A onda de protestos no País também se refletiu na inflação, de acordo com a coordenadora de Índices de Preços do IBGE, Eulina Nunes dos Santos. Ela lembrou que as manifestações obrigaram muitos comerciantes a fechar as portas. Para compensar as perdas e desovar os estoques, que subiram ao longo de junho, baixaram os preços. "Junho foi um mês atípico. O consumo já estava retraído", afirmou.

A responsável pelo cálculo do IPCA observa que os protestos aconteceram em um momento propenso à retração no ritmo de alta do preço dos alimentos, como o menor consumo das famílias e a entrada da safra agrícola, que aponta para um crescimento de 15% sobre o ano anterior.

Para o economista Fábio Romão, da LCA Consultores, os alimentos devem continuar contribuindo para segurar a inflação em julho.

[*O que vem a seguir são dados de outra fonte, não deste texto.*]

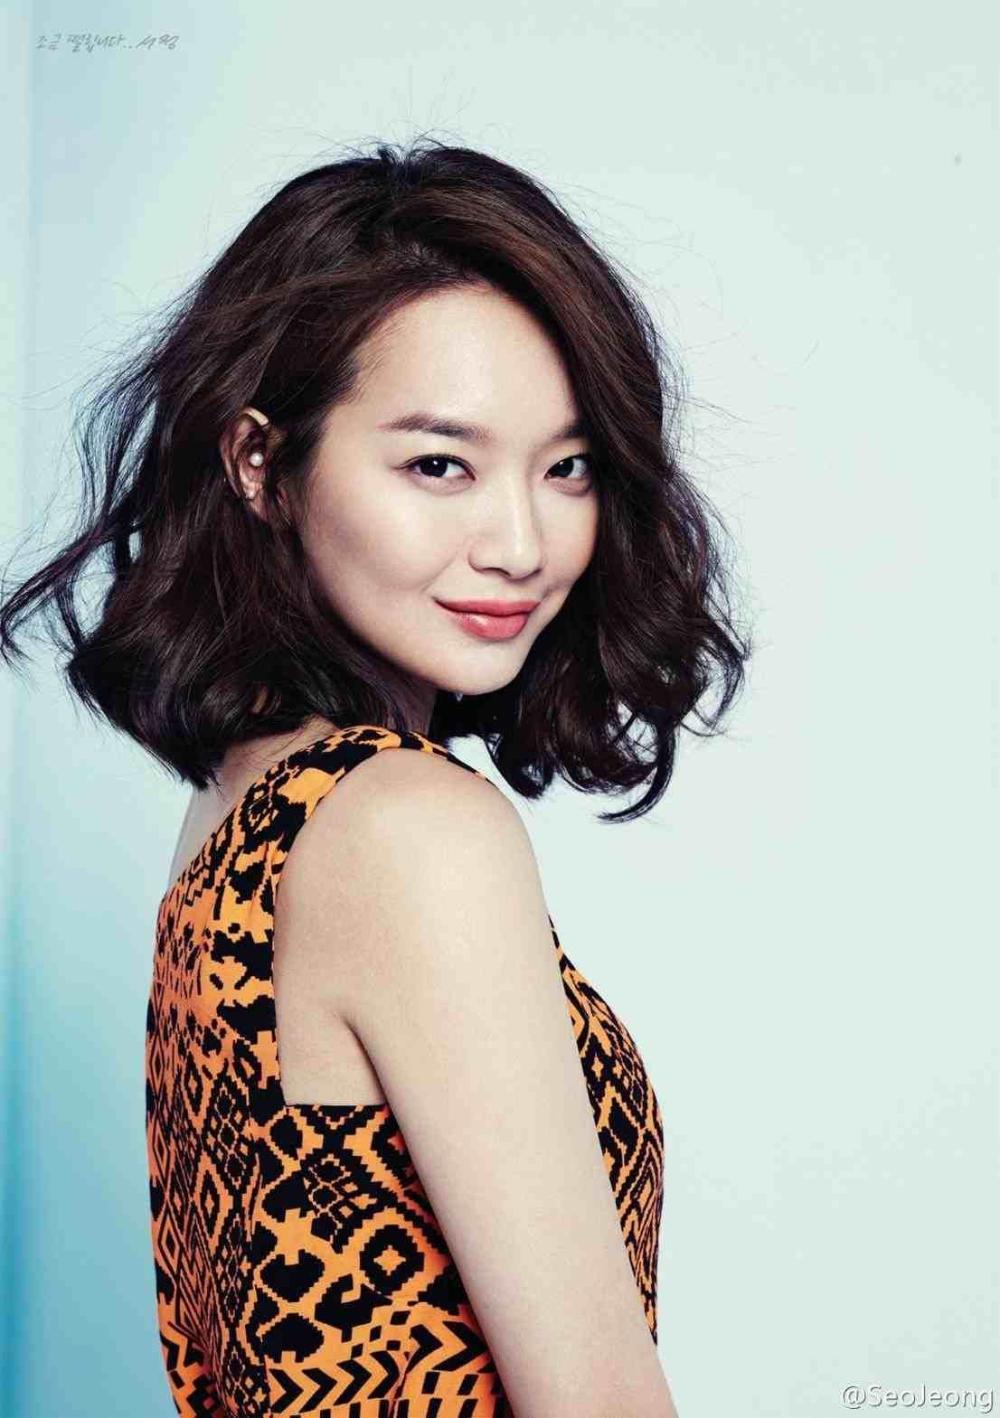 30 Best Short Curly Hairstyles Korean Image In 2020 Medium Hair Styles Korean Hairstyle Short Hair Styles

Mas a alimentação subiu quase o dobro

Com peso bastante relevante em todos os índices de inflação ao consumidor, o grupo Alimentação mostrou um comportamento que assustou a população brasileira no primeiro semestre de 2013. A despeito de ter apresentado desaceleração importante em junho em três importantes indicadores do País, a classe de despesa encerrou a primeira metade do ano com variação próxima do dobro da inflação média apurada no período. A boa notícia, de acordo com alguns especialistas, é que o segundo semestre tende a ser melhor para os preços dos alimentos, seja pela sazonalidade favorável ou pela safra de alguns itens.

Entre janeiro e junho, no principal indicador de inflação, o Índice Nacional de Preços ao Consumidor (IPCA), do IBGE, o grupo Alimentação acumulou elevação de 6,02% contra uma taxa geral de 3,15%. Situação parecida foi observada no Índice de Preços ao Consumidor Semanal (IPC-S), apurado pela Fundação Getúlio Vargas (FGV), com taxa de 3,29% contra variação positiva de 6,29% dos alimentos. No IPC da Fipe, a inflação acumulada foi de 1,89%, enquanto o grupo Alimentação avançou 3,12%.

A principal explicação para esse comportamento dos alimentos foi o clima chuvoso dos primeiros meses de 2013 que atrapalhou especialmente a oferta dos chamados itens "in natura".